Career highlights and awards
- 4x Taiwan Series champion (2015, 2017-2019);

Medals
Representing Chinese Taipei
Men's baseball
Intercontinental Cup
| Bronze medal – third place | 2006 Taichung | Team |
Asian Games
| Silver medal – second place | 2010 Guangzhou | Team |
Asian Baseball Championship
| Silver medal – second place | 2005 Miyazaki | Team |

= Yang Yao-hsun =

Taiwanese baseball player (born 1983)

Yang Yao-hsun (陽耀勳 (Yāng Yàoxūn); born 22 January 1983 in Taitung City, Taiwan) is a former Taiwanese professional baseball pitcher and outfielder. He played in Nippon Professional Baseball (NPB) as a pitcher for the Fukuoka SoftBank Hawks. He played in the Chinese Professional Baseball League (CPBL) as an outfielder for the Lamigo Monkeys and Fubon Guardians.

==Career==
Yang played for the Fukuoka SoftBank Hawks of Nippon Professional Baseball from 2006 until 2013 before expressing his desire to sign in America because of his MLB dream.

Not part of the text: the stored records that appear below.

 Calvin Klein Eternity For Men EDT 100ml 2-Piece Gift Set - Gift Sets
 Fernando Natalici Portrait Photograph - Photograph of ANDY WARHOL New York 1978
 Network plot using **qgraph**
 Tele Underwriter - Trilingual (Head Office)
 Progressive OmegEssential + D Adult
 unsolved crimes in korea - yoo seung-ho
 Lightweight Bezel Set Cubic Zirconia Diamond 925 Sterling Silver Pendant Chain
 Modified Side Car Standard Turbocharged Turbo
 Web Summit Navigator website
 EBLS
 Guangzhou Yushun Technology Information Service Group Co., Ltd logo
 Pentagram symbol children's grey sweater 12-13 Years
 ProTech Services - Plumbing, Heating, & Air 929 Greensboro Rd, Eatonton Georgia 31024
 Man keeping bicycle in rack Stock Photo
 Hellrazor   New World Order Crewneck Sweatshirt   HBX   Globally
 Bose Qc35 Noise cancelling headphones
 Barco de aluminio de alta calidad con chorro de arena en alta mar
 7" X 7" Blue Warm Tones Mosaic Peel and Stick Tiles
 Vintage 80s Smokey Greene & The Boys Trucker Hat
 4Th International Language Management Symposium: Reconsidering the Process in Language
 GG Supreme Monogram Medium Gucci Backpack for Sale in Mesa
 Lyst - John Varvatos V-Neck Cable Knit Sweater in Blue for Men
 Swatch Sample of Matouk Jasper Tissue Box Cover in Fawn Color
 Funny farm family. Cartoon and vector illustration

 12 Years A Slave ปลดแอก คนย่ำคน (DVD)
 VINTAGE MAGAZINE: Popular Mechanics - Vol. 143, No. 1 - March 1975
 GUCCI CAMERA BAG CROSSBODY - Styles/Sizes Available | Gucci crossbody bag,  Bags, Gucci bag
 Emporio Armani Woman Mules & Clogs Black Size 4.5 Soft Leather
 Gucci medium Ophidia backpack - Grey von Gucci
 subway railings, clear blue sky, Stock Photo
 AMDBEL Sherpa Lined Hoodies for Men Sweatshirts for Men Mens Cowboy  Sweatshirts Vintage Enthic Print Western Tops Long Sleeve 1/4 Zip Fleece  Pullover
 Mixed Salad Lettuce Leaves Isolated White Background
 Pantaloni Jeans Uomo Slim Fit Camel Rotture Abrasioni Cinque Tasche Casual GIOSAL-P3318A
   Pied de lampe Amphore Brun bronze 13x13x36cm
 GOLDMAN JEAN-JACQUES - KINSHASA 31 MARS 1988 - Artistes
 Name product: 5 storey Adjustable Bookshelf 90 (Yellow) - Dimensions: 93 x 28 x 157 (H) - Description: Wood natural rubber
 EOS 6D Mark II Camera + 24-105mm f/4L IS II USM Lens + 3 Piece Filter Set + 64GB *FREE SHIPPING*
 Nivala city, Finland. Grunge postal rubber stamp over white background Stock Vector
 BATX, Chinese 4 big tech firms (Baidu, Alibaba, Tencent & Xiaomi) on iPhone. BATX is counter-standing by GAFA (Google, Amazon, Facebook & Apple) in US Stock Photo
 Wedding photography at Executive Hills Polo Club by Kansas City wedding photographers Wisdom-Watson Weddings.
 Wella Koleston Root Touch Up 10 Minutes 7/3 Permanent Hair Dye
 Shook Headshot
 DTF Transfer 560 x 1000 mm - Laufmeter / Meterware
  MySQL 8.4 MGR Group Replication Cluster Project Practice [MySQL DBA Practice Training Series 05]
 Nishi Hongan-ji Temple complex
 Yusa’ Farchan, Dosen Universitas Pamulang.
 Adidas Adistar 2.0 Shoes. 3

On 13 February 2014 he signed a minor league deal with an invite to Spring training with the Pittsburgh Pirates. He was assigned to the Altoona Curve to begin the season but was released on July 10, 2014.

He signed with the Lamigo Monkeys (now Rakuten Monkeys) of CPBL in 2015 and played for the club through 2021. For the 2022 season he played for the Fubon Guardians, entering play in only 13 games. As of May 2023 he had not played in the 2023 CPBL season.

==International career==
Yang competed for Chinese Taipei in the 2005 Asian Baseball Championship, 2006 World Baseball Classic, 2006 Intercontinental Cup, 2010 Asian Games, 2013 World Baseball Classic Qualification and 2013 World Baseball Classic.

==Pitching style==
Yang is a 5 ft 10 in, 190 lb left-handed pitcher. he throws a low 90s fastball, along with a slider, curveball, and a splitter. He mostly uses his fastball-slider combination in games.

==Personal life==
Yang is the brother of fellow professional baseball player Yang Dai-Kang. He is a member of the Amis tribe and descendant of the famous warrior Kolas Mahengheng.